# About this task:
All of the data must be written out verbatim, with pictures excluded.

# Provided material:
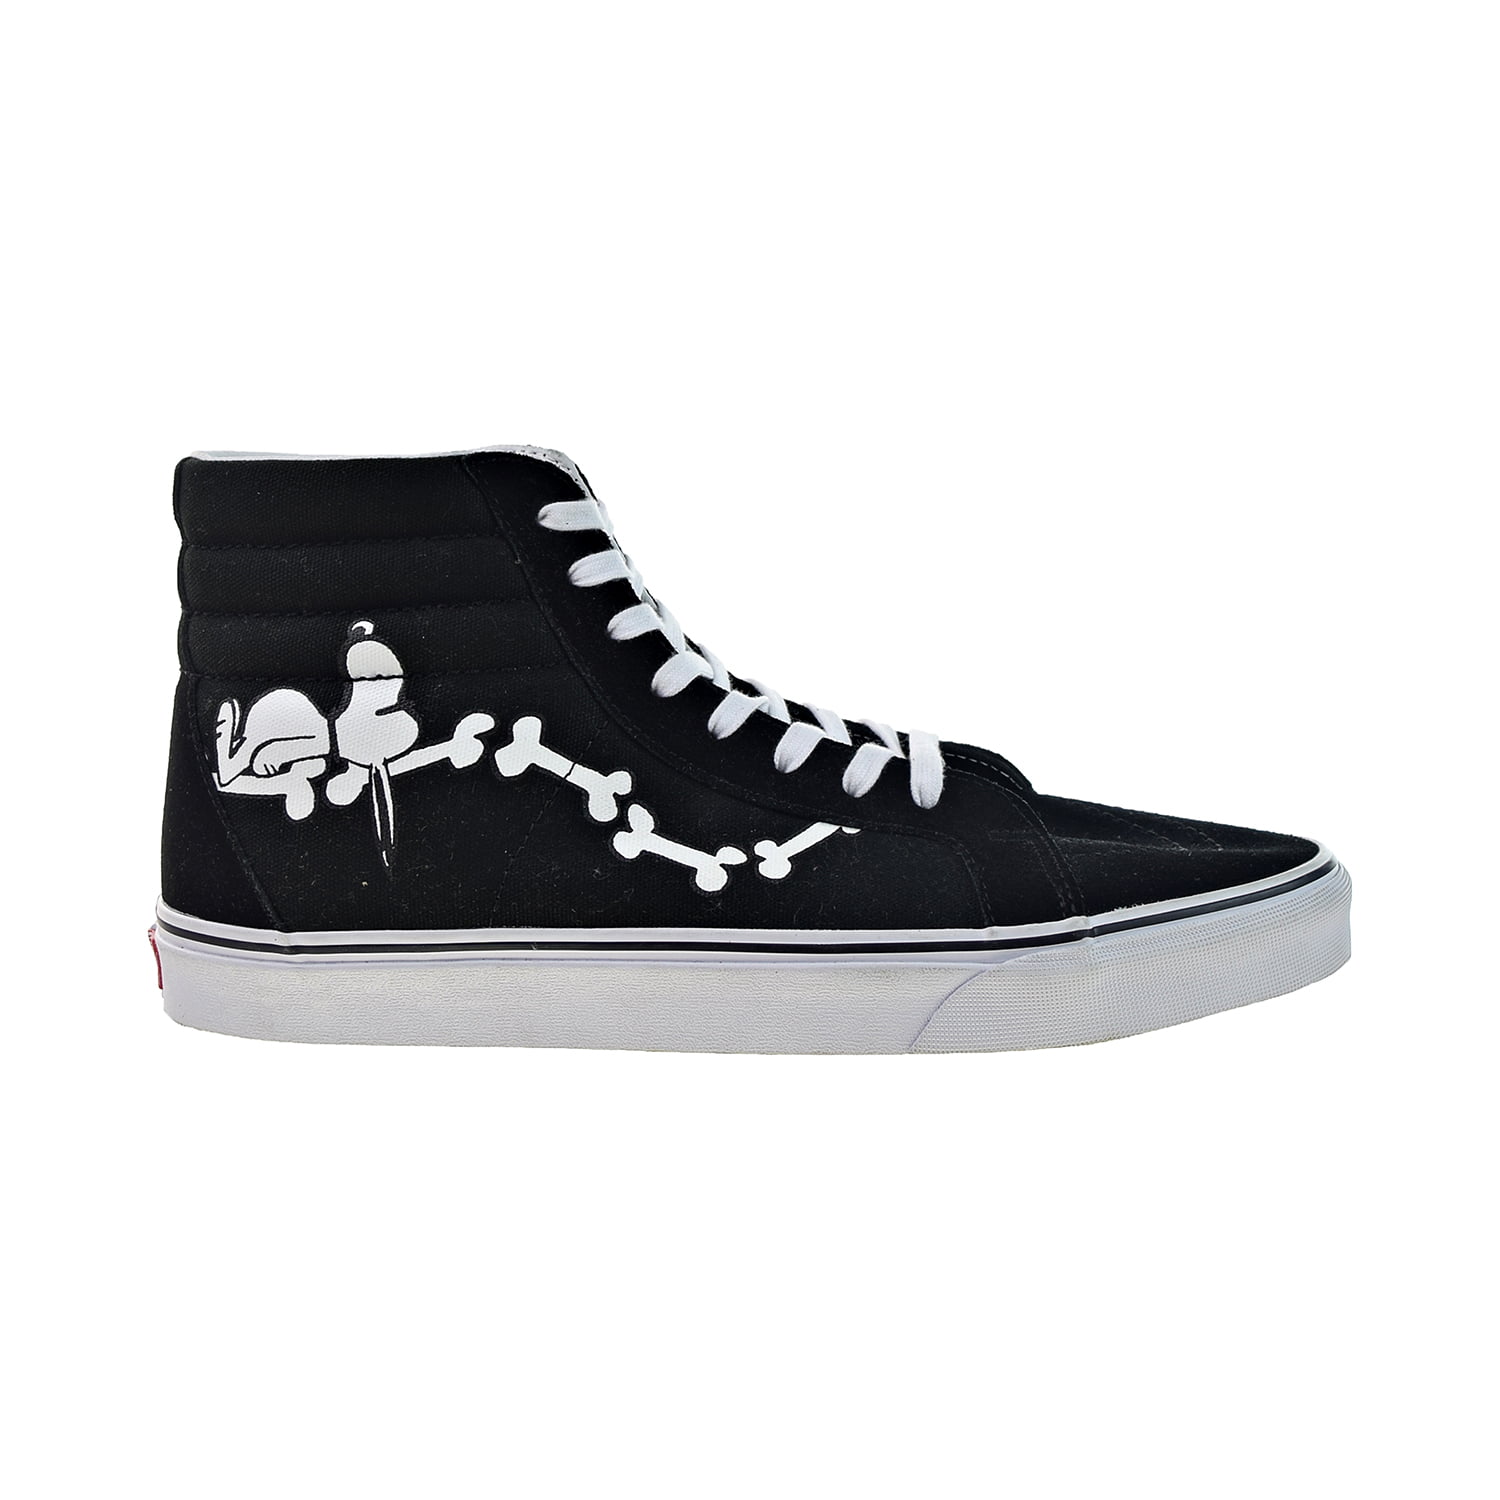 Peanuts x SK8-Hi 'Snoopy Bones' Shoes Black-White vn0a2xsb-ohl - Walmart.com
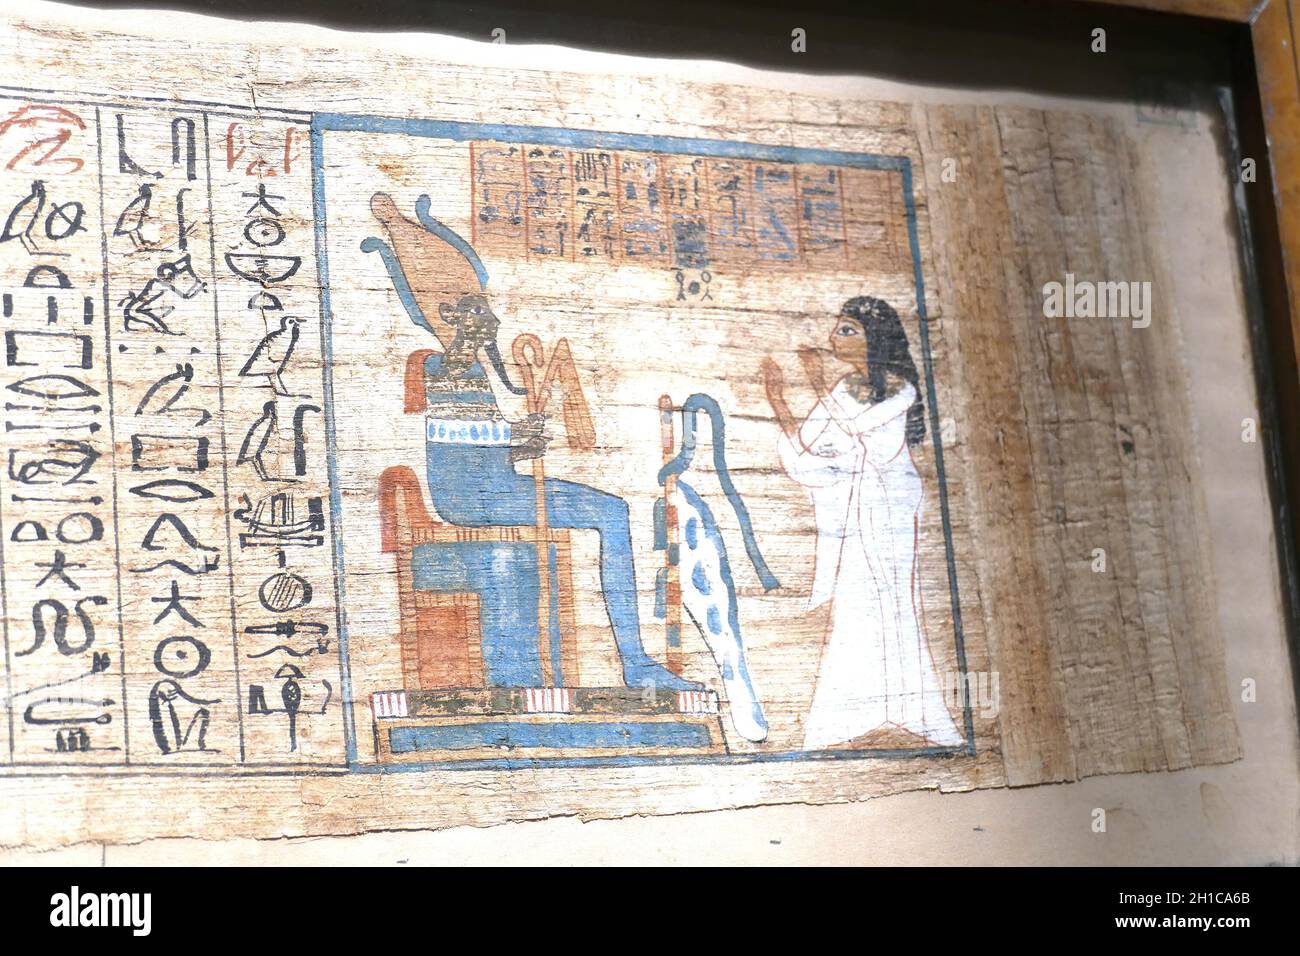 Gros plan des anciens hiéroglyphes égyptiens anciens et des dessins sur le papyrus Banque D'Images
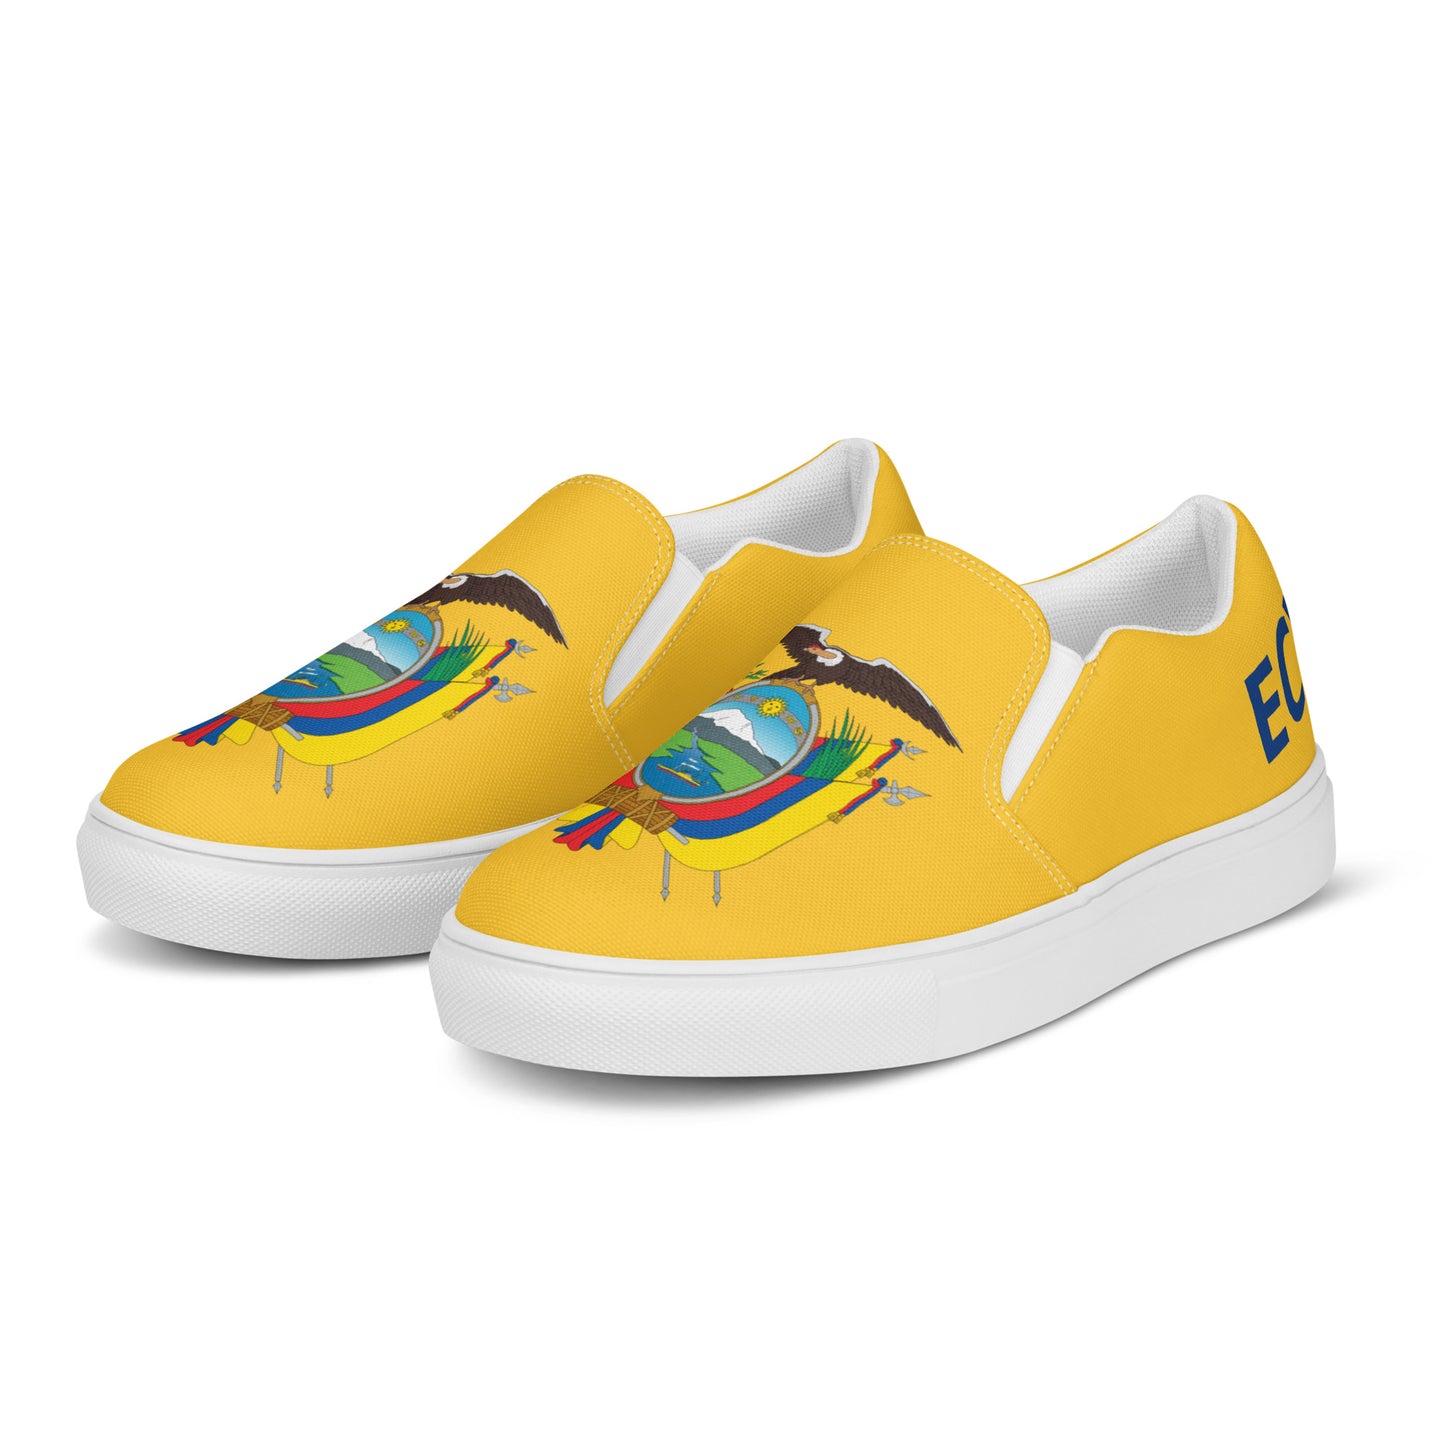 Ecuador - Men - Yellow - Slip-on shoes
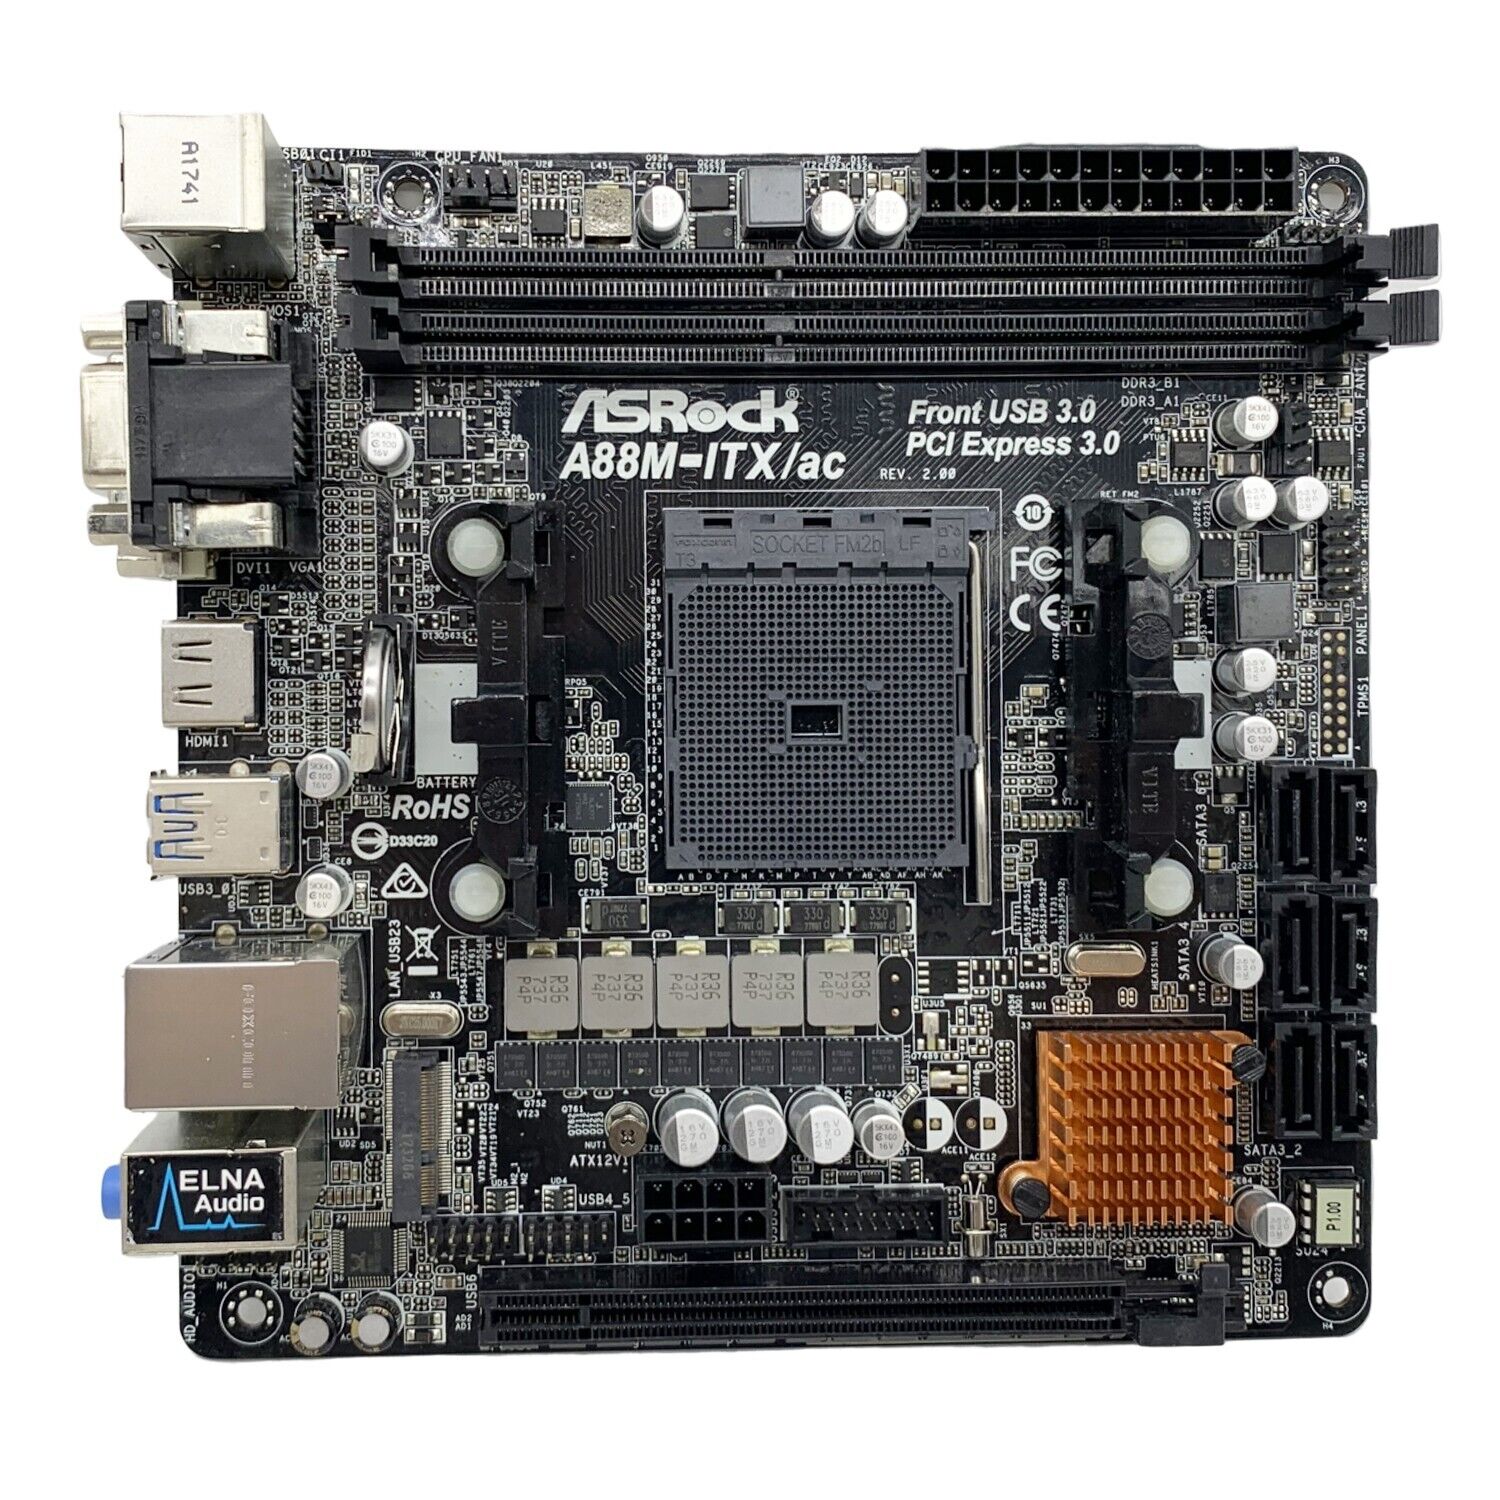 ASRock A88M-ITX/ac Motherboard Mini-ITX AMD A88X FM2+/FM2 DDR3 SATA3 HDMI DVI-D

# Output below:
 Peanuts x SK8-Hi 'Snoopy Bones' Shoes Black-White vn0a2xsb-ohl - Walmart.com
 Gros plan des anciens hiéroglyphes égyptiens anciens et des dessins sur le papyrus Banque D'Images
 Ecuador - Men - Yellow - Slip-on shoes
 ASRock A88M-ITX/ac Motherboard Mini-ITX AMD A88X FM2+/FM2 DDR3 SATA3 HDMI DVI-D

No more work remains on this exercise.